La porcellana è il materiale ceramico più pregiato. Essa è di un
bianco brillante non solo alla superficie ma anche nell’impasto
interno. Pur non essendo trasparente, la porcellana viene definita
traslucida, cioè lascia passare la luce; infatti, se mettete una
mano dietro un piatto di porcellana controluce, riuscirete a vedere
la forma delle vostre dita. Il materiale con cui viene fabbricata la
porcellana, ha bisogno di una temperatura di cottura superiore agli
altri tipi di ceramiche. E’ molto resistente agli agenti chimici, è
dura, impermeabile ai liquidi e ai gas e viene utilizzata
prevalentemente per apparecchi igienico-sanitari ed oggetti di
pregio.
Il cristallo è un materiale derivante dal vetro, ma si differenzia
da quest’ultimo perché è a base di silicato di piombo. Il cristallo
è pesante, sonoro, brillantissimo e molto rifrangente. Il cristallo
di Boemia o mezzo cristallo è a base di potassio e le sue qualità
sono la lucentezza, la brillantezza e la leggerezza. Il vetro è la
base di questi due tipi di cristalli ed è uno dei materiali più
comuni e diffusi. La sua diffusione si spiega facilmente qualora si
considerino le sue proprietà: è trasparente, viene agevolmente
lavorato, non viene attaccato dalla maggior parte degli agenti
chimici, non colora e non attacca i cibi conservati, si pulisce con
facilità, non assorbe odori, è totalmente impermeabile e il suo
costo è abbastanza contenuto. Dalla lavorazione di questo materiale
possiamo ottenere tanti tipi di vetro.

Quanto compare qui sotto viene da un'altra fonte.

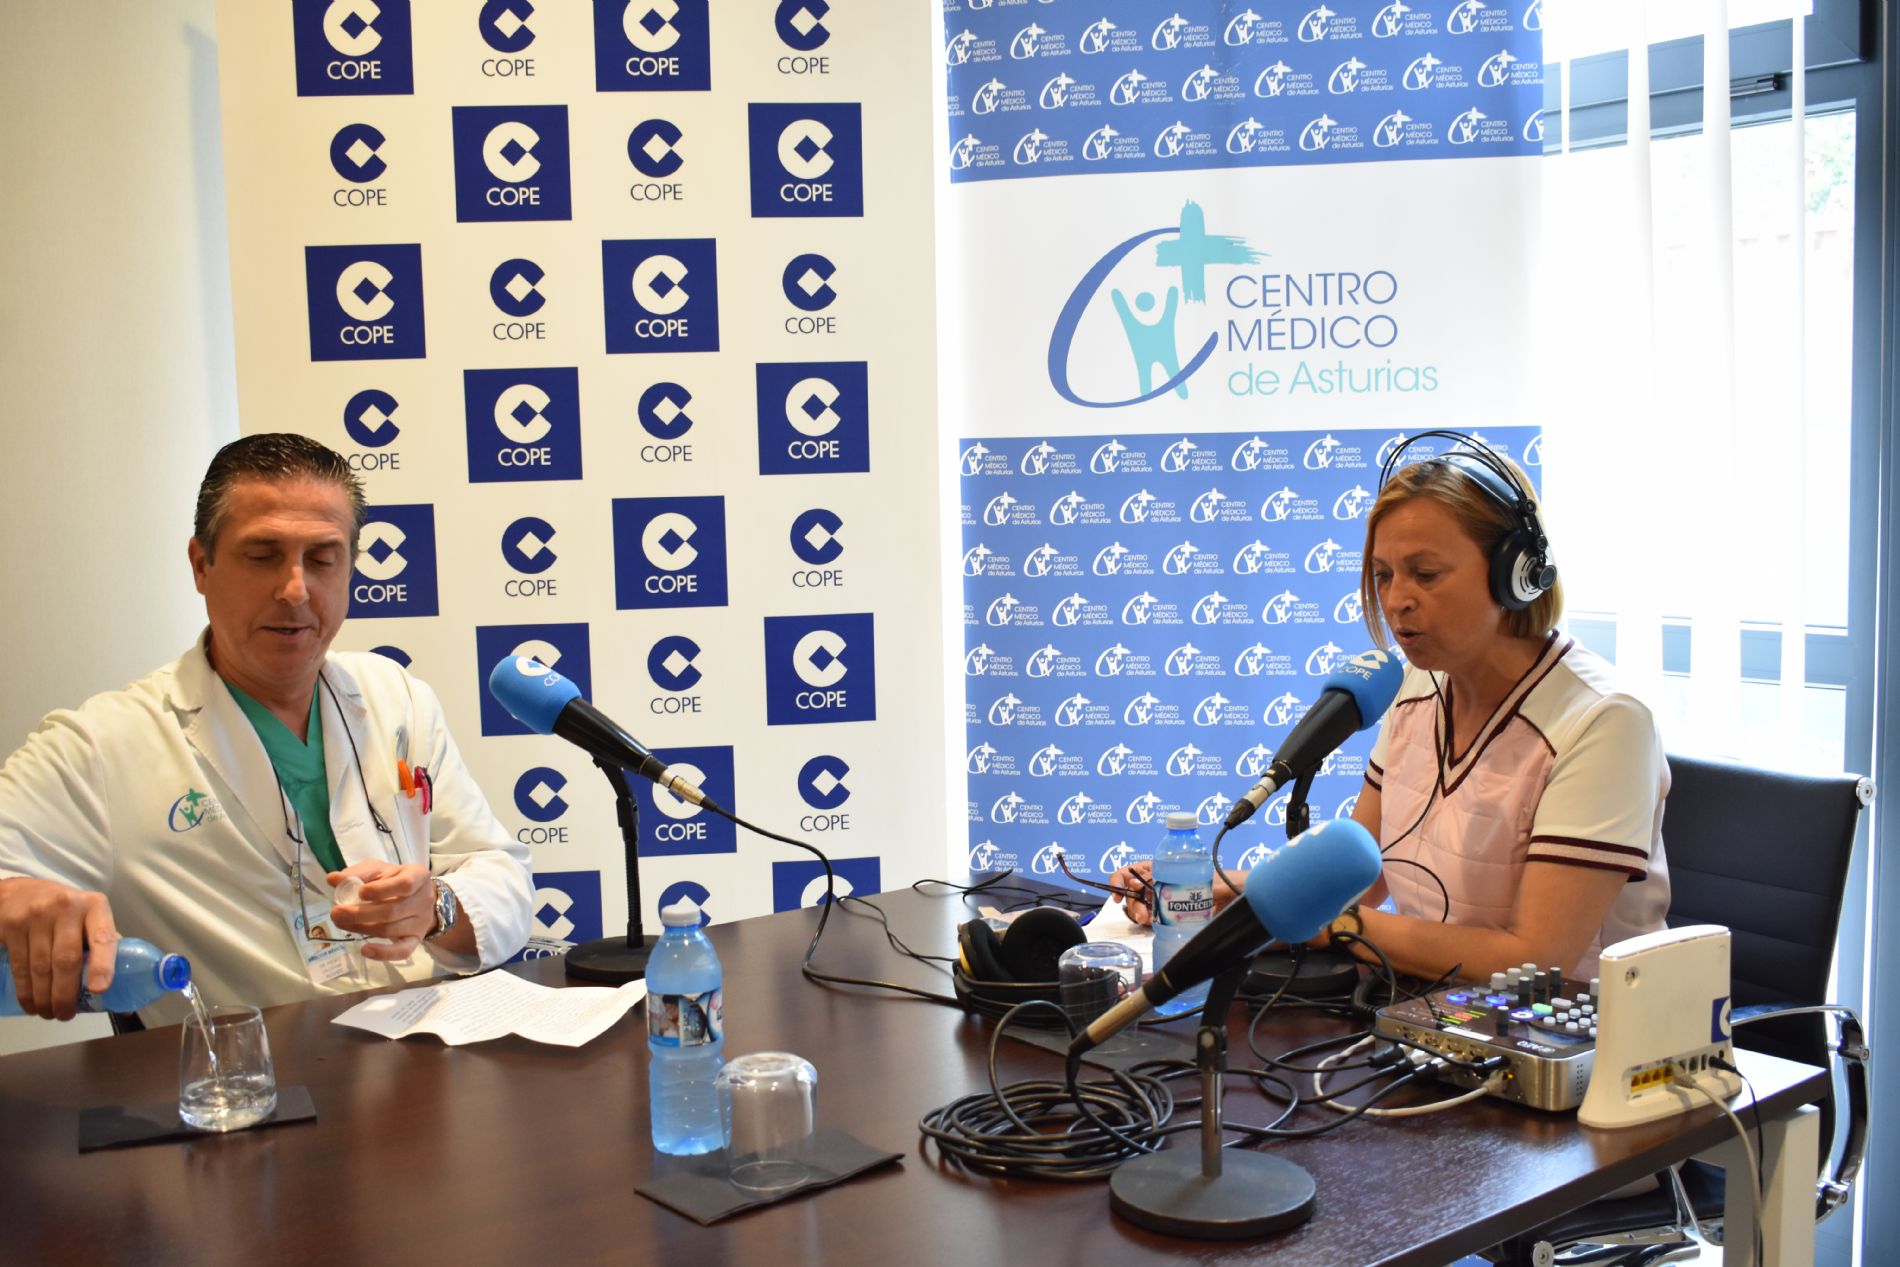 Programa de radio COPE Asturias en directo desde el CMA

Tra i tanti abbiamo il vetro
comune per bicchieri, lastre per finestre, barattoli, specchi comuni
ecc.. Il cristallo di Boemia per servizi da tavola, lampadari, bulbi
per termometri ecc.. Il cristallo per oggetti di pregio, servizi da
tavola, vetri per ottica ecc.. Il vetro infrangibile per bicchieri,
lastre ecc., e gli smalti che si usano per ricoprire porcellane,
metalli ed anche altri vetri.
I capi di biancheria, anche molto pregiati, si lavano
necessariamente in acqua, lasciandoli a lungo in ammollo, perché le
macchie si ammorbidiscano. Si lavano poi in lavatrice, che è molto
più delicata del lavaggio a mano. Per i capi delicati e preziosi è
da escludere la centrifuga. Se rimane qualche macchia (e il capo è
bianco) si passa uno straccino imbevuto di tre parti di acqua e uno
di candeggina sul capo ben bagnato, tamponando per cinque minuti al
massimo. Si ripete il lavaggio subito dopo.

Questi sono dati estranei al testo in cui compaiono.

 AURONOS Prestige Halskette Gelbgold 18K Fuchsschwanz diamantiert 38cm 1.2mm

PER I MERLETTI: lasciare a lungo in ammollo, lavare a mano, non
strizzare, ma avvolgere in un asciugamano e tamponare delicatamente
l’eccesso d’acqua. Usare la candeggina con gran prudenza: tamponare
appena un attimo e poi risciacquare abbondantemente.
STOFFE ROBUSTE: possono essere lavate a 60°, mentre per quelle
sottili è preferibile non superare i 40°.
CAPI STAMPATI: meglio non superare i 40°, per mantenere i colori
inalterati nel tempo.
CAPI INGIALLITI: non resta che rimediare con
il perborato e l’acqua caldissima (anche 90° per i tessuti bianchi e
robusti, non oltre 60° per gli altri). Il perborato cancella anche
le macchie vecchie che tendono a "rifiorire" nei capi lasciati
troppo a lungo nel cassetto. Per evitare l’ingiallimento, in ogni
modo, è molto semplice: usate tutti i vostri a rotazione almeno un
paio di volte l’anno e resteranno sempre freschi.
Quando il capo non è bianco la candeggina è sconsigliabile. Meglio
provare con rimedi classici e "trucchi" delle nonne…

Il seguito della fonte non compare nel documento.